(MATERIAL SHOWN)
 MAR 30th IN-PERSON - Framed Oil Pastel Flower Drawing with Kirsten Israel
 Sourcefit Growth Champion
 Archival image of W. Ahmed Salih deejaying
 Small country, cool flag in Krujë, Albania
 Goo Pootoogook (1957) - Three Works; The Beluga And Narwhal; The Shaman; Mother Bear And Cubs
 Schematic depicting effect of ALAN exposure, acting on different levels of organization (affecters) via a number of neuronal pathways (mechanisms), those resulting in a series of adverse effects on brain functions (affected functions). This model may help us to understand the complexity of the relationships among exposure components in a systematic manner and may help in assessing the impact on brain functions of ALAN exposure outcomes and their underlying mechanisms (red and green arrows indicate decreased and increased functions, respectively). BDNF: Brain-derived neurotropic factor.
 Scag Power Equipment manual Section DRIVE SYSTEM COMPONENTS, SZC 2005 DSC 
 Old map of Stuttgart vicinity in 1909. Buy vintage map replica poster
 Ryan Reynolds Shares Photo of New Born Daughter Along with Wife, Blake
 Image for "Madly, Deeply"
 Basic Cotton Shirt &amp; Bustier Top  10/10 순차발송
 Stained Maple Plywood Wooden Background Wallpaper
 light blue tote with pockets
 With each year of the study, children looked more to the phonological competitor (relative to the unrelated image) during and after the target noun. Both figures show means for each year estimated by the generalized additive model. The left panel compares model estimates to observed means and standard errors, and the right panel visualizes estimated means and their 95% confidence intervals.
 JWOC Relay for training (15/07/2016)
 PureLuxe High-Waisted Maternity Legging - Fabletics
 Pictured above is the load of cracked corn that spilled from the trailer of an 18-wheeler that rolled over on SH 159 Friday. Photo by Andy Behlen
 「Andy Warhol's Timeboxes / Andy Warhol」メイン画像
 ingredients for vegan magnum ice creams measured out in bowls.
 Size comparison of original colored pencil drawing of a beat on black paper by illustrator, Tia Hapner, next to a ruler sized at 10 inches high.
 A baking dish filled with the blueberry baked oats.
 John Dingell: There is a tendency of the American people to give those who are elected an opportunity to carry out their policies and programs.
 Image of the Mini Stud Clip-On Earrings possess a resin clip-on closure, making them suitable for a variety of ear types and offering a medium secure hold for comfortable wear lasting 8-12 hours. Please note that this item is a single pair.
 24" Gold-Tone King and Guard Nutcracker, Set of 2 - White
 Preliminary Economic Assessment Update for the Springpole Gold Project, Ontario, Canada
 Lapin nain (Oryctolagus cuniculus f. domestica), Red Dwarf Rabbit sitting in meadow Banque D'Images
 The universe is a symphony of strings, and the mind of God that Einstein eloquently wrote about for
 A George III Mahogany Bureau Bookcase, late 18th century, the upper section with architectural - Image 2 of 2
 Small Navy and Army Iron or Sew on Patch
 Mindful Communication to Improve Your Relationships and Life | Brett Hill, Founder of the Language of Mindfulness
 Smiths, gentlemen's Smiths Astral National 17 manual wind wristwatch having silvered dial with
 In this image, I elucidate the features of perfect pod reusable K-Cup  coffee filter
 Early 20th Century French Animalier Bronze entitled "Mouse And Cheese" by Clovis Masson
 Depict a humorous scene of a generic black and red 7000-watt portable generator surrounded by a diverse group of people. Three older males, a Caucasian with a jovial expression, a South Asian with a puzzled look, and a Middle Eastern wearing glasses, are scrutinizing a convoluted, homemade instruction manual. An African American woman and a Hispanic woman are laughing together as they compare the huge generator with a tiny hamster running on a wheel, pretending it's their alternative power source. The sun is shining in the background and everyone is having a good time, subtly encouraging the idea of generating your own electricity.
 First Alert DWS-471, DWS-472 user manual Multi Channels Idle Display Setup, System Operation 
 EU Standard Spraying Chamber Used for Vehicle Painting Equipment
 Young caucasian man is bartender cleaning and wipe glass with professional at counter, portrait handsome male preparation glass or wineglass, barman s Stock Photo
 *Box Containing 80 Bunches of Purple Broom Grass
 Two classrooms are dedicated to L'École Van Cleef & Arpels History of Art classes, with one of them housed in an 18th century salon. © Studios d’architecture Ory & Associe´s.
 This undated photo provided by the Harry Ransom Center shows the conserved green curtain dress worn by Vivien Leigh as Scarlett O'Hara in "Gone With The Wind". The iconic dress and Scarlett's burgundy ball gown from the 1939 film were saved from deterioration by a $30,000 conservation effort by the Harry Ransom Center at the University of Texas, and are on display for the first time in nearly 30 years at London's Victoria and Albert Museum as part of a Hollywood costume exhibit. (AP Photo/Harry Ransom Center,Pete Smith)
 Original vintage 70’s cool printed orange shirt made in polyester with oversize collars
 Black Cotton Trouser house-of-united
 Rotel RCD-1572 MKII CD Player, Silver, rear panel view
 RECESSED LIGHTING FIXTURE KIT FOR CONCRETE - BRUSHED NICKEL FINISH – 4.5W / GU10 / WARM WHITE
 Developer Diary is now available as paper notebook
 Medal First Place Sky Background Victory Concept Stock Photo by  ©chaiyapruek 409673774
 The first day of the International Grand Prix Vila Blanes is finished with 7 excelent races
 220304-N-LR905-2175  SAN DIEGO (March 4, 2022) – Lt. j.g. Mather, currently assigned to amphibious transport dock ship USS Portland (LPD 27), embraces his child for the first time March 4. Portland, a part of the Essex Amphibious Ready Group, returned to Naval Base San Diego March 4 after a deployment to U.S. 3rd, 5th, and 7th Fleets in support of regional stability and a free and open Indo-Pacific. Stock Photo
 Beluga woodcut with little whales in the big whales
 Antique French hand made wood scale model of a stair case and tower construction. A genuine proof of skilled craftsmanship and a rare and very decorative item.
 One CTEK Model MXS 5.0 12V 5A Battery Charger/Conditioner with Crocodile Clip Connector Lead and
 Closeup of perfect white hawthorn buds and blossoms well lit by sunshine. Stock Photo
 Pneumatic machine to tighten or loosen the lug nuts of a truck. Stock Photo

(WHAT YOU SHOULD DO) Reproduce the material above. Do not change a word.

(ANSWER TO THIS PROBLEM)
 MAR 30th IN-PERSON - Framed Oil Pastel Flower Drawing with Kirsten Israel
 Sourcefit Growth Champion
 Archival image of W. Ahmed Salih deejaying
 Small country, cool flag in Krujë, Albania
 Goo Pootoogook (1957) - Three Works; The Beluga And Narwhal; The Shaman; Mother Bear And Cubs
 Schematic depicting effect of ALAN exposure, acting on different levels of organization (affecters) via a number of neuronal pathways (mechanisms), those resulting in a series of adverse effects on brain functions (affected functions). This model may help us to understand the complexity of the relationships among exposure components in a systematic manner and may help in assessing the impact on brain functions of ALAN exposure outcomes and their underlying mechanisms (red and green arrows indicate decreased and increased functions, respectively). BDNF: Brain-derived neurotropic factor.
 Scag Power Equipment manual Section DRIVE SYSTEM COMPONENTS, SZC 2005 DSC 
 Old map of Stuttgart vicinity in 1909. Buy vintage map replica poster
 Ryan Reynolds Shares Photo of New Born Daughter Along with Wife, Blake
 Image for "Madly, Deeply"
 Basic Cotton Shirt &amp; Bustier Top  10/10 순차발송
 Stained Maple Plywood Wooden Background Wallpaper
 light blue tote with pockets
 With each year of the study, children looked more to the phonological competitor (relative to the unrelated image) during and after the target noun. Both figures show means for each year estimated by the generalized additive model. The left panel compares model estimates to observed means and standard errors, and the right panel visualizes estimated means and their 95% confidence intervals.
 JWOC Relay for training (15/07/2016)
 PureLuxe High-Waisted Maternity Legging - Fabletics
 Pictured above is the load of cracked corn that spilled from the trailer of an 18-wheeler that rolled over on SH 159 Friday. Photo by Andy Behlen
 「Andy Warhol's Timeboxes / Andy Warhol」メイン画像
 ingredients for vegan magnum ice creams measured out in bowls.
 Size comparison of original colored pencil drawing of a beat on black paper by illustrator, Tia Hapner, next to a ruler sized at 10 inches high.
 A baking dish filled with the blueberry baked oats.
 John Dingell: There is a tendency of the American people to give those who are elected an opportunity to carry out their policies and programs.
 Image of the Mini Stud Clip-On Earrings possess a resin clip-on closure, making them suitable for a variety of ear types and offering a medium secure hold for comfortable wear lasting 8-12 hours. Please note that this item is a single pair.
 24" Gold-Tone King and Guard Nutcracker, Set of 2 - White
 Preliminary Economic Assessment Update for the Springpole Gold Project, Ontario, Canada
 Lapin nain (Oryctolagus cuniculus f. domestica), Red Dwarf Rabbit sitting in meadow Banque D'Images
 The universe is a symphony of strings, and the mind of God that Einstein eloquently wrote about for
 A George III Mahogany Bureau Bookcase, late 18th century, the upper section with architectural - Image 2 of 2
 Small Navy and Army Iron or Sew on Patch
 Mindful Communication to Improve Your Relationships and Life | Brett Hill, Founder of the Language of Mindfulness
 Smiths, gentlemen's Smiths Astral National 17 manual wind wristwatch having silvered dial with
 In this image, I elucidate the features of perfect pod reusable K-Cup  coffee filter
 Early 20th Century French Animalier Bronze entitled "Mouse And Cheese" by Clovis Masson
 Depict a humorous scene of a generic black and red 7000-watt portable generator surrounded by a diverse group of people. Three older males, a Caucasian with a jovial expression, a South Asian with a puzzled look, and a Middle Eastern wearing glasses, are scrutinizing a convoluted, homemade instruction manual. An African American woman and a Hispanic woman are laughing together as they compare the huge generator with a tiny hamster running on a wheel, pretending it's their alternative power source. The sun is shining in the background and everyone is having a good time, subtly encouraging the idea of generating your own electricity.
 First Alert DWS-471, DWS-472 user manual Multi Channels Idle Display Setup, System Operation 
 EU Standard Spraying Chamber Used for Vehicle Painting Equipment
 Young caucasian man is bartender cleaning and wipe glass with professional at counter, portrait handsome male preparation glass or wineglass, barman s Stock Photo
 *Box Containing 80 Bunches of Purple Broom Grass
 Two classrooms are dedicated to L'École Van Cleef & Arpels History of Art classes, with one of them housed in an 18th century salon. © Studios d’architecture Ory & Associe´s.
 This undated photo provided by the Harry Ransom Center shows the conserved green curtain dress worn by Vivien Leigh as Scarlett O'Hara in "Gone With The Wind". The iconic dress and Scarlett's burgundy ball gown from the 1939 film were saved from deterioration by a $30,000 conservation effort by the Harry Ransom Center at the University of Texas, and are on display for the first time in nearly 30 years at London's Victoria and Albert Museum as part of a Hollywood costume exhibit. (AP Photo/Harry Ransom Center,Pete Smith)
 Original vintage 70’s cool printed orange shirt made in polyester with oversize collars
 Black Cotton Trouser house-of-united
 Rotel RCD-1572 MKII CD Player, Silver, rear panel view
 RECESSED LIGHTING FIXTURE KIT FOR CONCRETE - BRUSHED NICKEL FINISH – 4.5W / GU10 / WARM WHITE
 Developer Diary is now available as paper notebook
 Medal First Place Sky Background Victory Concept Stock Photo by  ©chaiyapruek 409673774
 The first day of the International Grand Prix Vila Blanes is finished with 7 excelent races
 220304-N-LR905-2175  SAN DIEGO (March 4, 2022) – Lt. j.g. Mather, currently assigned to amphibious transport dock ship USS Portland (LPD 27), embraces his child for the first time March 4. Portland, a part of the Essex Amphibious Ready Group, returned to Naval Base San Diego March 4 after a deployment to U.S. 3rd, 5th, and 7th Fleets in support of regional stability and a free and open Indo-Pacific. Stock Photo
 Beluga woodcut with little whales in the big whales
 Antique French hand made wood scale model of a stair case and tower construction. A genuine proof of skilled craftsmanship and a rare and very decorative item.
 One CTEK Model MXS 5.0 12V 5A Battery Charger/Conditioner with Crocodile Clip Connector Lead and
 Closeup of perfect white hawthorn buds and blossoms well lit by sunshine. Stock Photo
 Pneumatic machine to tighten or loosen the lug nuts of a truck. Stock Photo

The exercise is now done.